Судилище в Битый час напоминало театральное представление, местами трагедию, а местами комедию.

Наделенный немалым актерским дарованием городской обвинитель дождался, пока на скамью подсудимых усадят первого обвиняемого – тощего, опасливо озирающегося юнца, набрал воздуха в легкие и провозгласил: «Горожанин по прозванию Карп Отмороженный обвиняется в наезде на золотых дел мастера Исаака Голда, в результате которого пострадавший получил переломы трех ребер и уронил лицо в грязь.»

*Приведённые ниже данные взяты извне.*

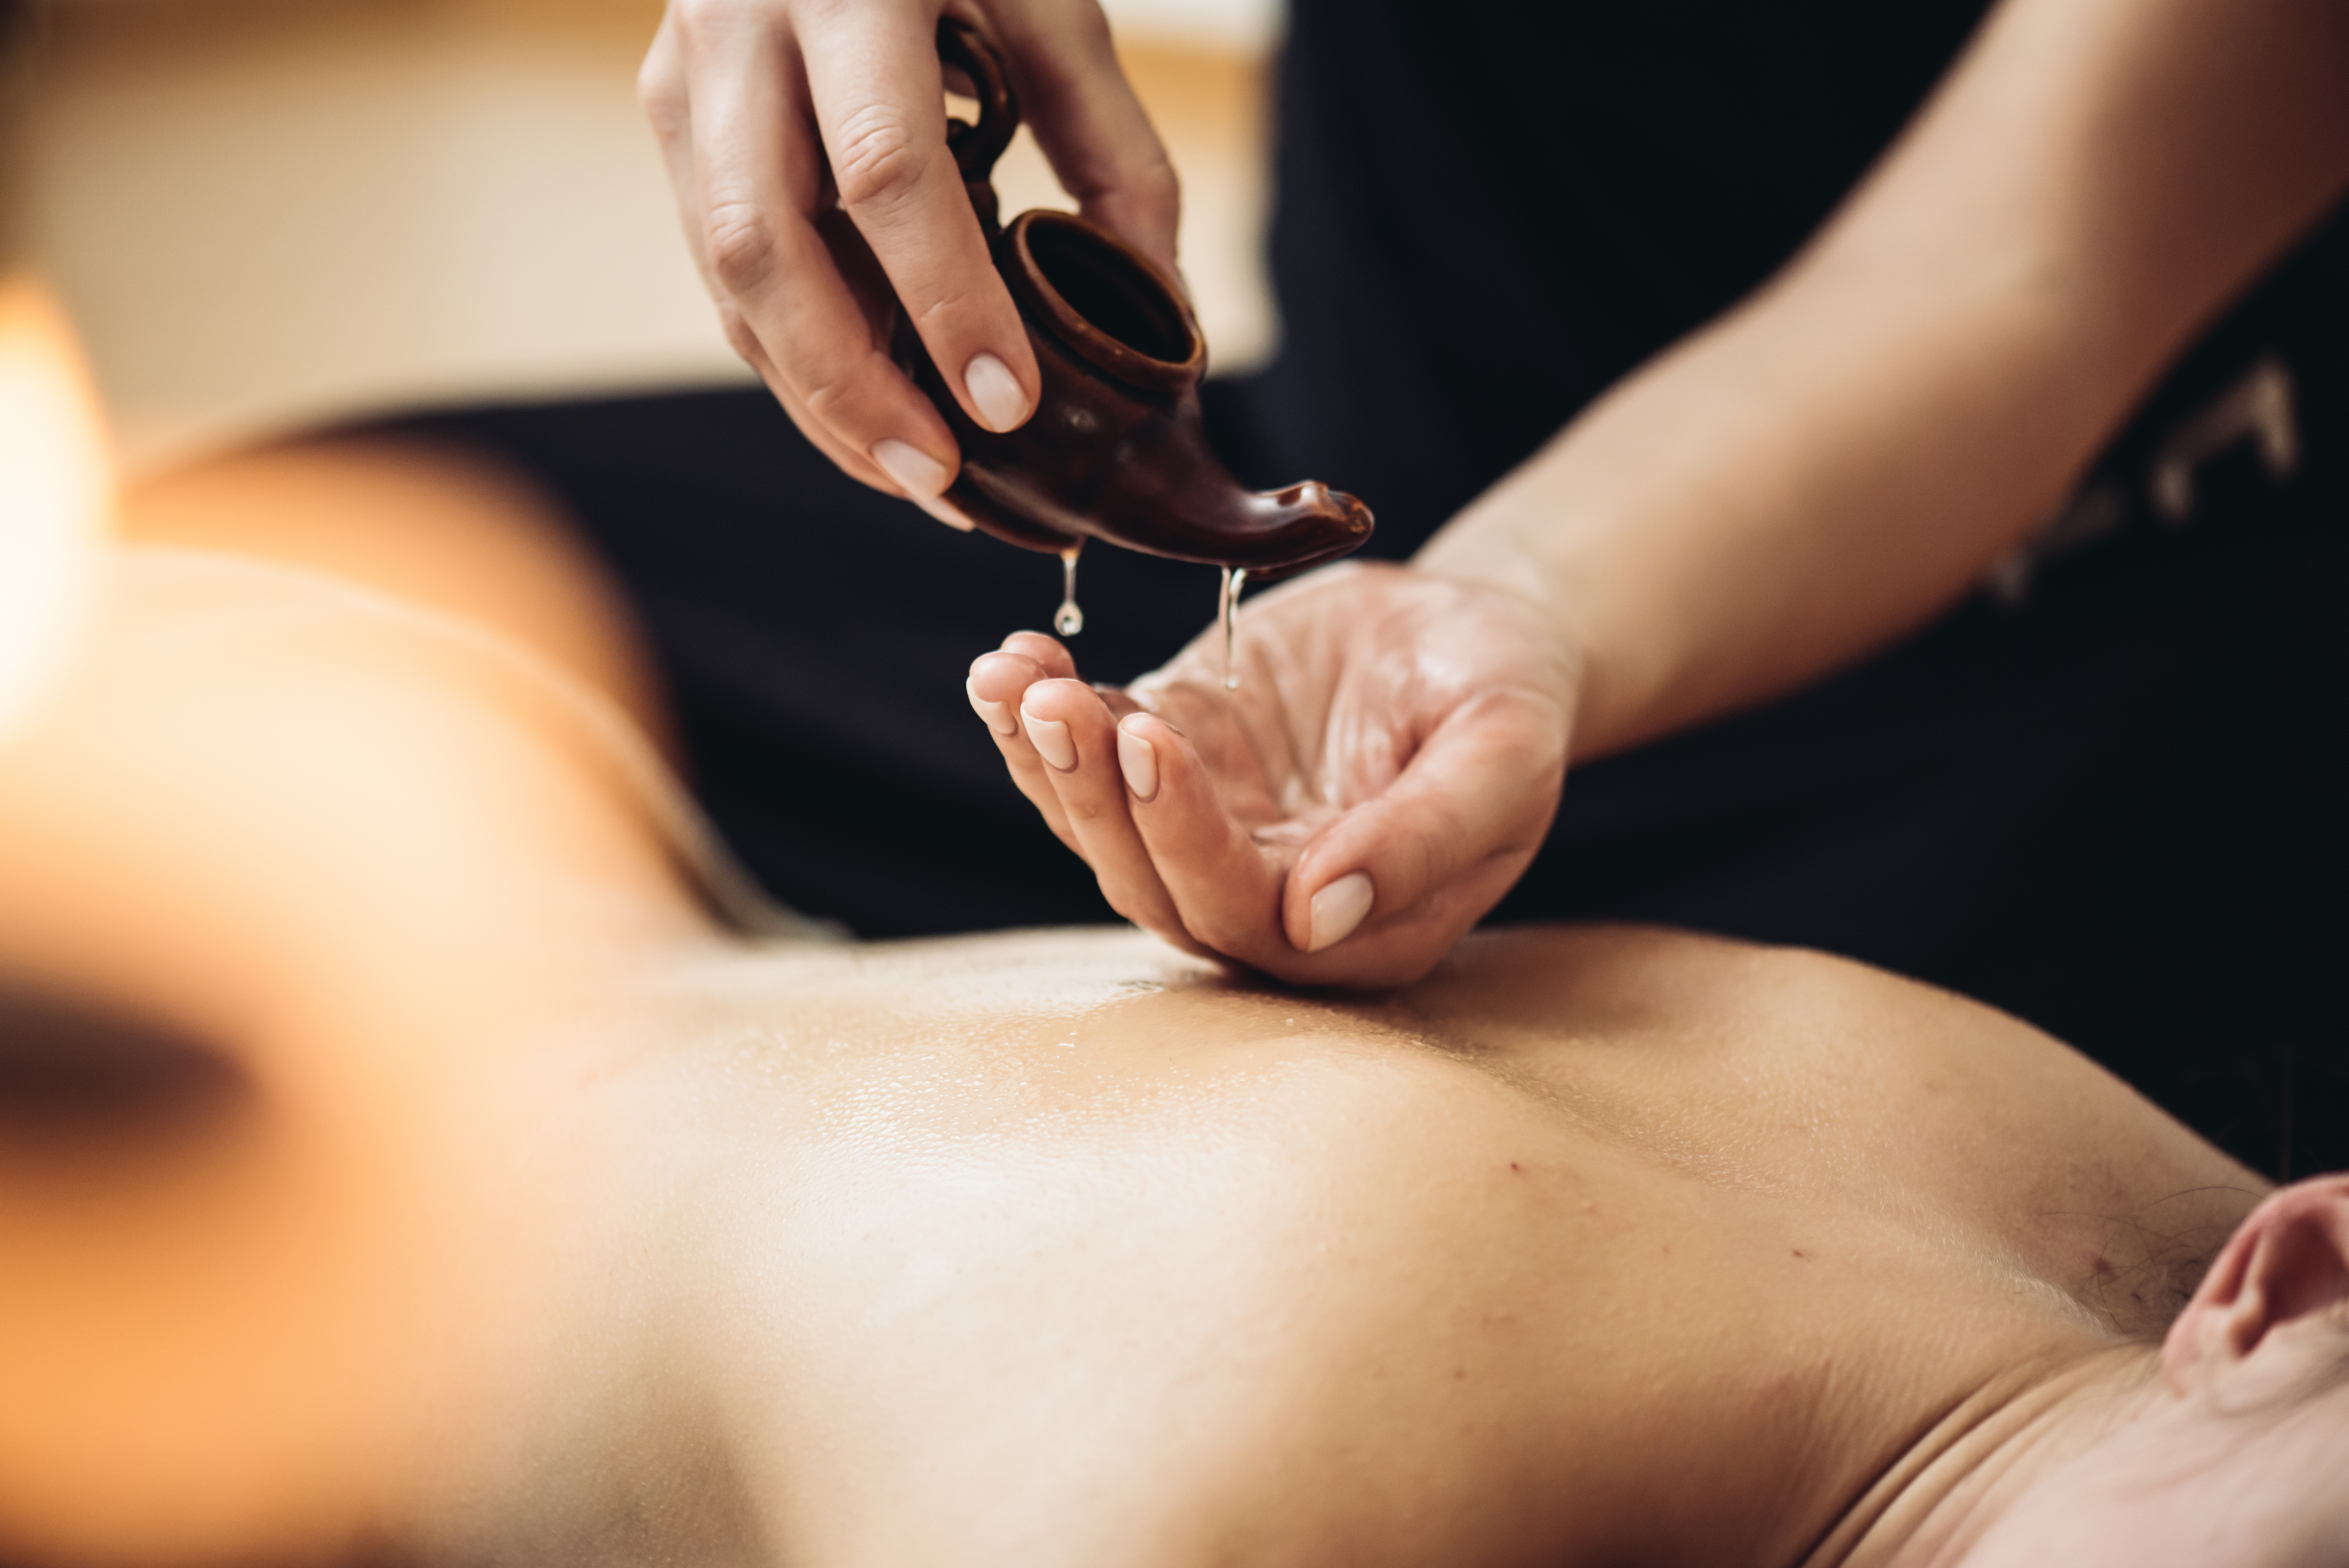 Tantric Massage in Huddersfield, Yorkshire: A Journey Within

Пострадавший, имевший вид скорбный и болезненный, присутствовал здесь же в первом ряду, удовлетворенно сложив руки на животе.

«Что имеете сказать по существу обвинения?» – обратился обвинитель к юнцу.

Обвиняемый, еще недавно задиристый, точно петух, оказавшись на скамье подсудимых неожиданно сник и красноречие потерял напрочь.

Выждав минуту-другую и не получив ответа, обвинитель удовлетворенно кивнул и громогласно обратился в толпу: «Пострадавший Исаак Голд, прошу подняться на помост и прояснить суть дела.»

Золотых дел мастер засуетился, с помощью многочисленных родственников поднялся по ступеням и стал обличать задиру: «Иду я, значит, из бани. Никого не трогаю. Как вдруг на перекрестке на меня налетает коляска. Новая, лаковая, с блестящими спицами. Толкнула в бок, опрокинула, по грязи проволокла. Новый кусок земляничного мыла я от испуга выронил, а лошадь его растоптала. А этот субъект в рубахе нараспашку и не притормозил даже, знай только, лошадь плеткой охаживал … .»

Льву 16 речь не так уж и сильно пострадавшего золотых дел мастера наскучила, и он хлопнул в ладоши. День, конечно, длинный, но не резиновый. Нечего тратить время на разглагольствования самодовольного ремесленника. Все и так ясно. Глупые юнцы при средствах, творящие глупости всегда были, есть и будут. И наказывать кого-нибудь из них для острастки прочих периодически непременно надобно. Сколько их уже перебывало на скамье подсудимых и не сосчитать.

Обвинитель чутко уловил смену настроения правителя.

«Карп Отмороженный, волею правителя Льва 16 за наезд на прохожего приговаривается к вставлению палок в колеса его коляски. Самому ему отныне дозволяется передвигаться по столице только пешком.»

Народ вокруг помоста довольно захохотал. Покрасневшего от стыда Карпа вытолкали со скамьи подсудимых взашей и усадили нового обвиняемого.

«А ущерб?» – неожиданно обиженно возопил Исаак Голд.

Толпа снова взорвалась хохотом.

Городской обвинитель не растерялся: «В возмещение убытков обвиняемый Карп Отмороженный должен предоставить в полную и безвозмездную собственность пострадавшего золотую цепь со своей шеи длиной до пупа.»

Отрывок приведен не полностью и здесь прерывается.